Steve Harms

Monday, March 17, 2014

Contracts: every business relationship requires enforceable contracts!

A contract generally consists of an offer, acceptance, and consideration. In business, the offer typically consists of a purchase order, and the acceptance is the shipping of the goods or the providing of services named in the purchase order. The consideration is the purchase price. Offer, acceptance, and consideration can be implied depending on the circumstances.

With some important exceptions (such as sales of real property), contracts do not have to be in writing. Although the UCC provides that all contracts over $1,000 should be in writing, UCC 2-201(1), MCL 440.2201(1), there is a notable exception to this rule. Where a seller of goods ships to a buyer and the buyer receives and retains those goods, there is an implication that a contract exists. If the buyer fails to timely return the goods, no writing is needed to imply that the buyer intended to contract for the purchase price of the goods. UCC 2-201(3)(c), MCL 440.2201(3)(c). The UCC also provides for substitutes for a writing or exceptions to the writing requirement where there is a written confirmation between merchants, UCC 2-201(2), MCL 440.2201(2); specially manufactured goods, UCC 2-201(3)(a), MCL 440.2201(3)(a); an agreement admitted in court, UCC 2-201(3)(b), MCL 440.2201(3)(b); and partially performed agreements, UCC 2-201(3)(c), MCL 440.2201(3)(c).

The UCC does not require price terms, delivery terms, or other details for the sale of goods. Past experience of the parties and other statutory default provisions will help to determine most of the terms of a contract, including a purchase price. Therefore, it is fairly easy under the UCC to establish the existence of a contract without having to prove specifically the elements of offer, acceptance, and consideration.

The contract has to be entered into before the goods are delivered or services are provided. For that reason, the purchase order and the documentation before the sale, including the credit application, become the contract between the parties. The credit application is an often overlooked but important document. Credit applications often set forth extremely important terms such as interest rates to be paid should the account become delinquent, personal guaranties to be invoked if the account becomes delinquent, the parties’ agreement concerning full settlement checks, etc. For a sample credit application, see .

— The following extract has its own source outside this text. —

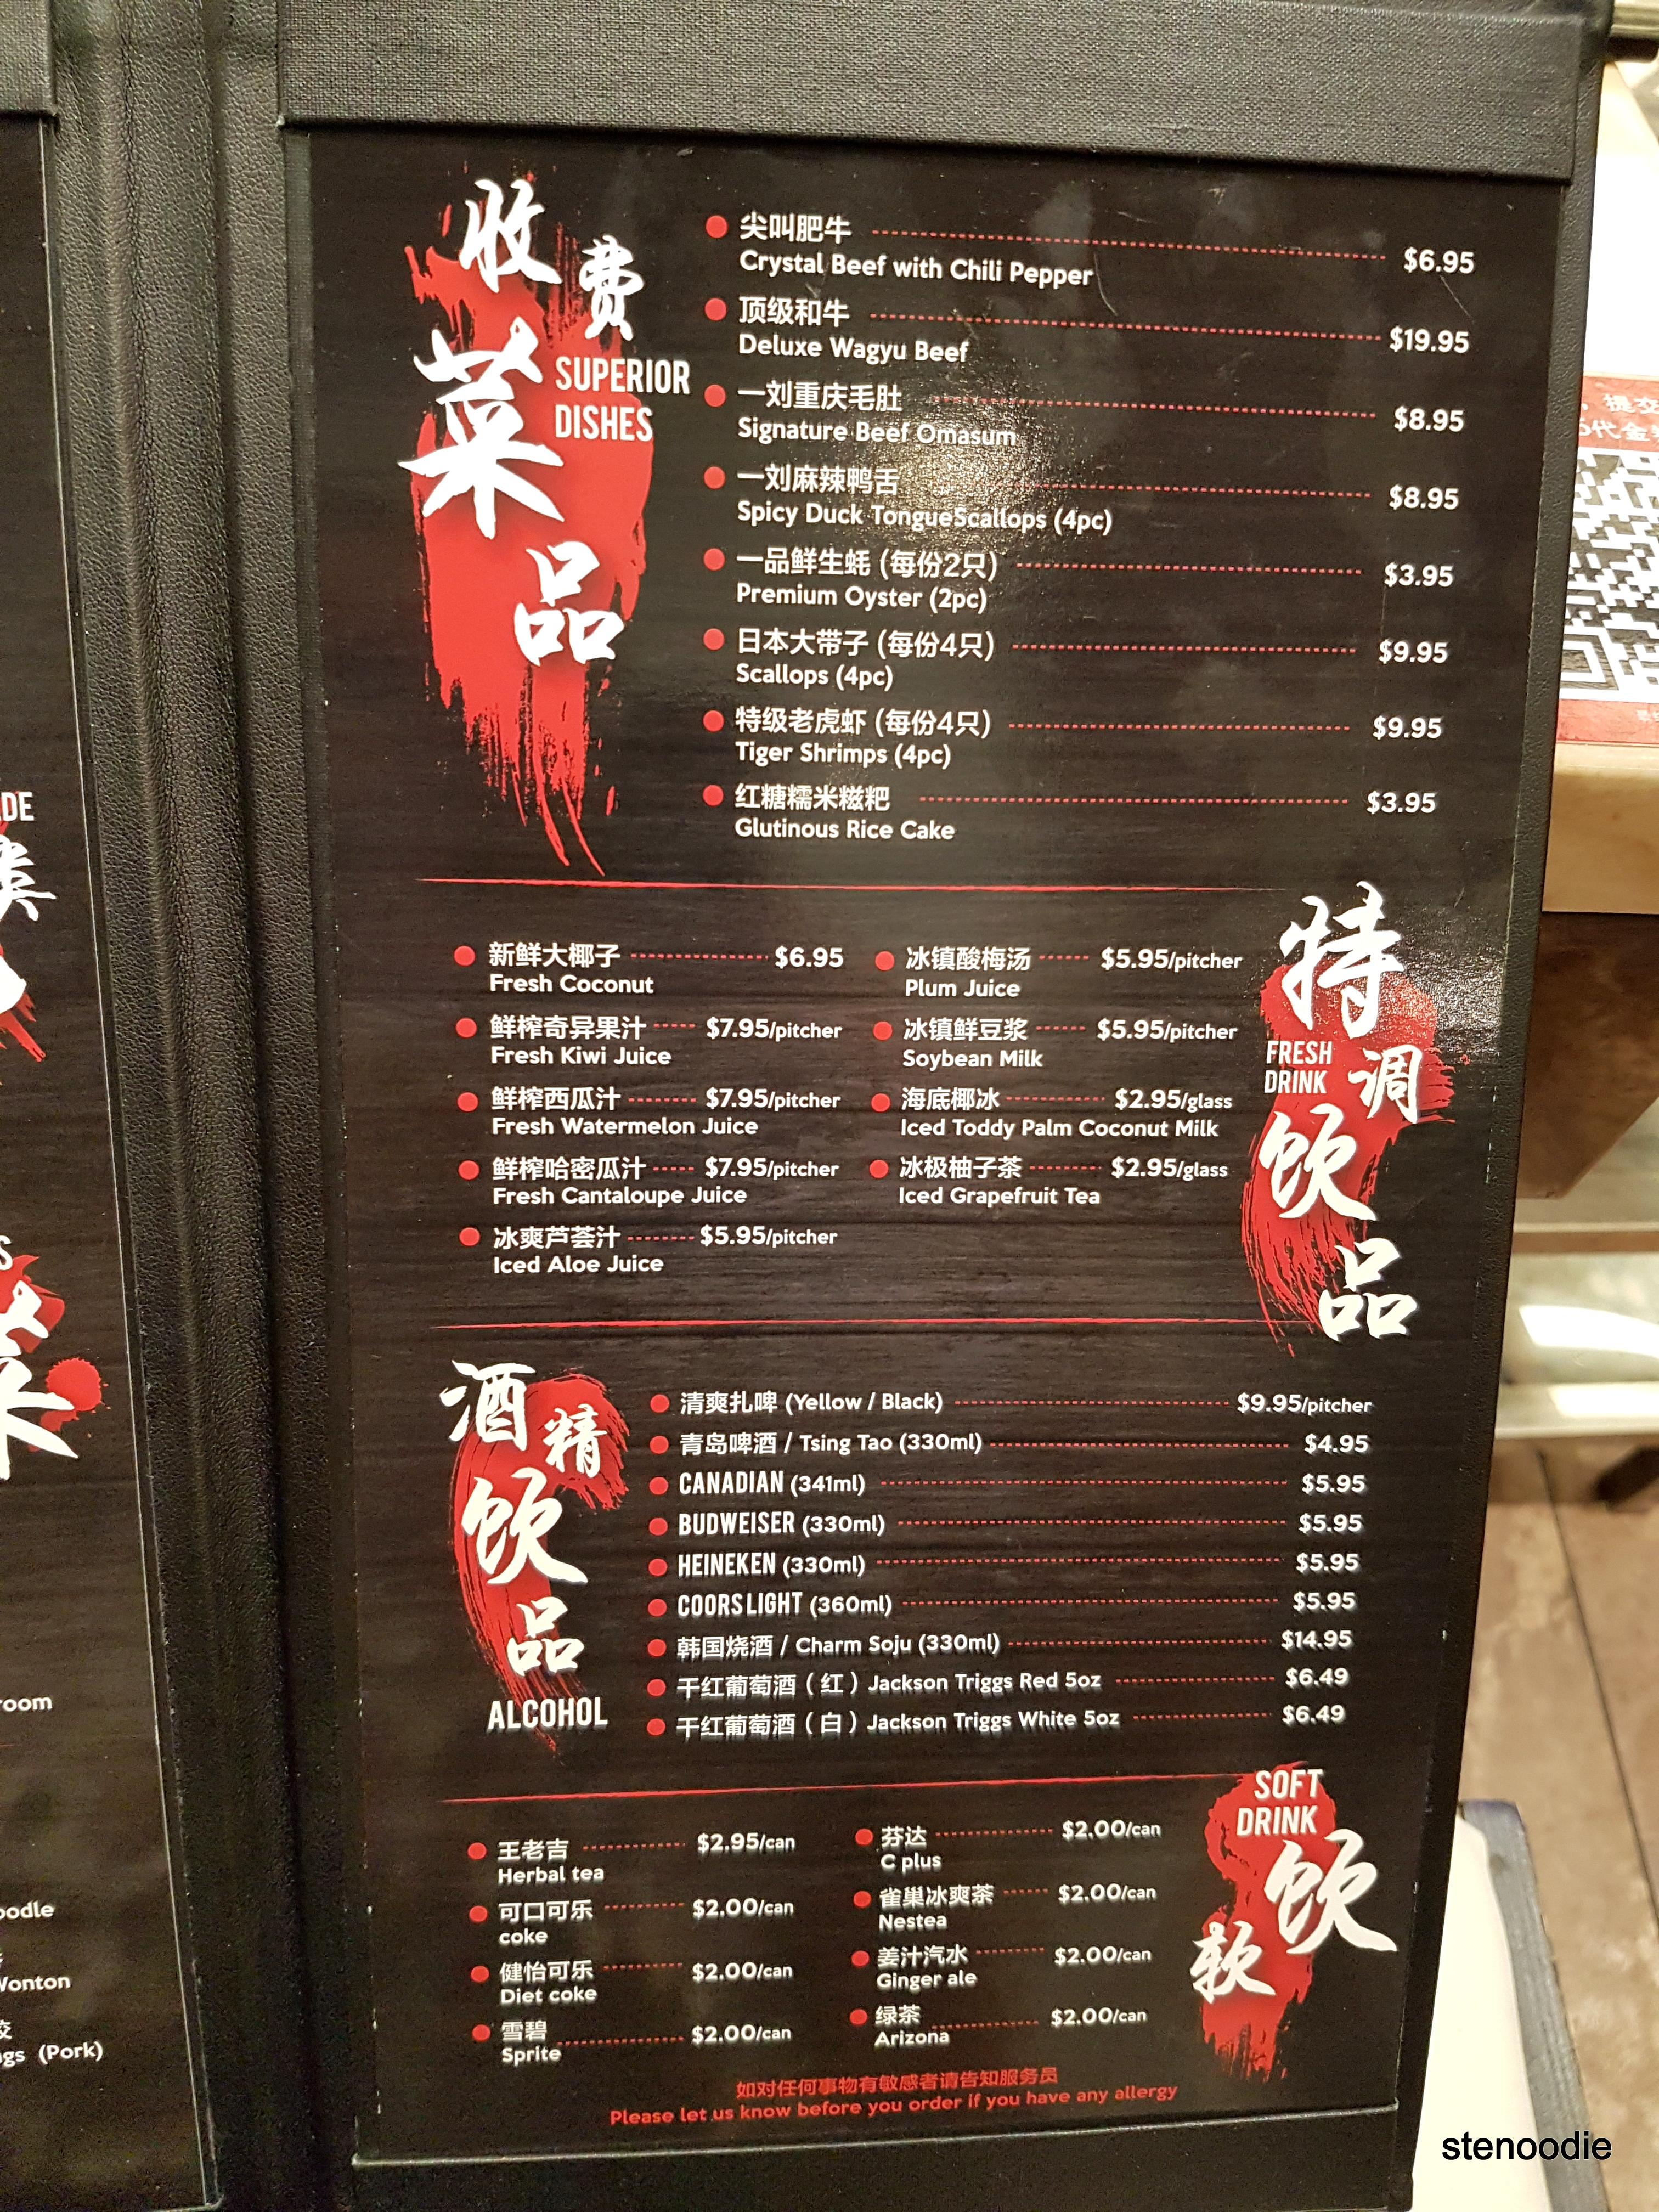 Chongqing Liuyishou Hotpot menu and prices

A common misconception among business people is that an invoice is a contract. An invoice may contain a description of the goods, shipping dates, and price terms, but it is not a contract. The invoice is prepared and mailed out after the goods are shipped and after the contract is entered into. For this reason, the terms printed on the back of invoices (most companies insist on filling up the back of their invoices with various terms in small print: immediate inspection, immediate return of any defective goods, a return authorization number on any defective goods, and so forth) are generally not enforceable. See Power Press Sales Co v MSI Battle Creek Stamping, 238 Mich App 173, 183, 604 NW2d 772 (1999). Thus, for example, if a customer voluntarily agrees to pay interest on a delinquent account based on the terms set forth in the invoice, that is all well and good, but if the customer later decides not to pay the interest, it is likely that a court will not enforce the interest terms if they are only in the invoice.

The courts will generally enforce contracts that are within the parties’ expectations. If there is a one-sided (unilateral) mistake, the contract is enforceable. However, if there is a mutual mistake, the court will generally not enforce it. For example, if both parties thought that the steel was Grade A worth $57.00 per pound and it turned out, by mistake of both parties, that the steel was Grade B, then the court will not enforce the contract.

Sometimes contracts are purely unilateral. In other words, acceptance of the contract occurs through performance. For example, if someone offers to pay $500 if the contracting party drives a car to California, acceptance occurs when the car is driven to California.

Consideration is difficult to measure and courts often will not bother to measure it at all. If there is the existence of any legal consideration, the contract will most likely be enforced. Thus, if the buyer overpays for a product, a court will not question the overpayment unless there was actual fraud or a mutual mistake.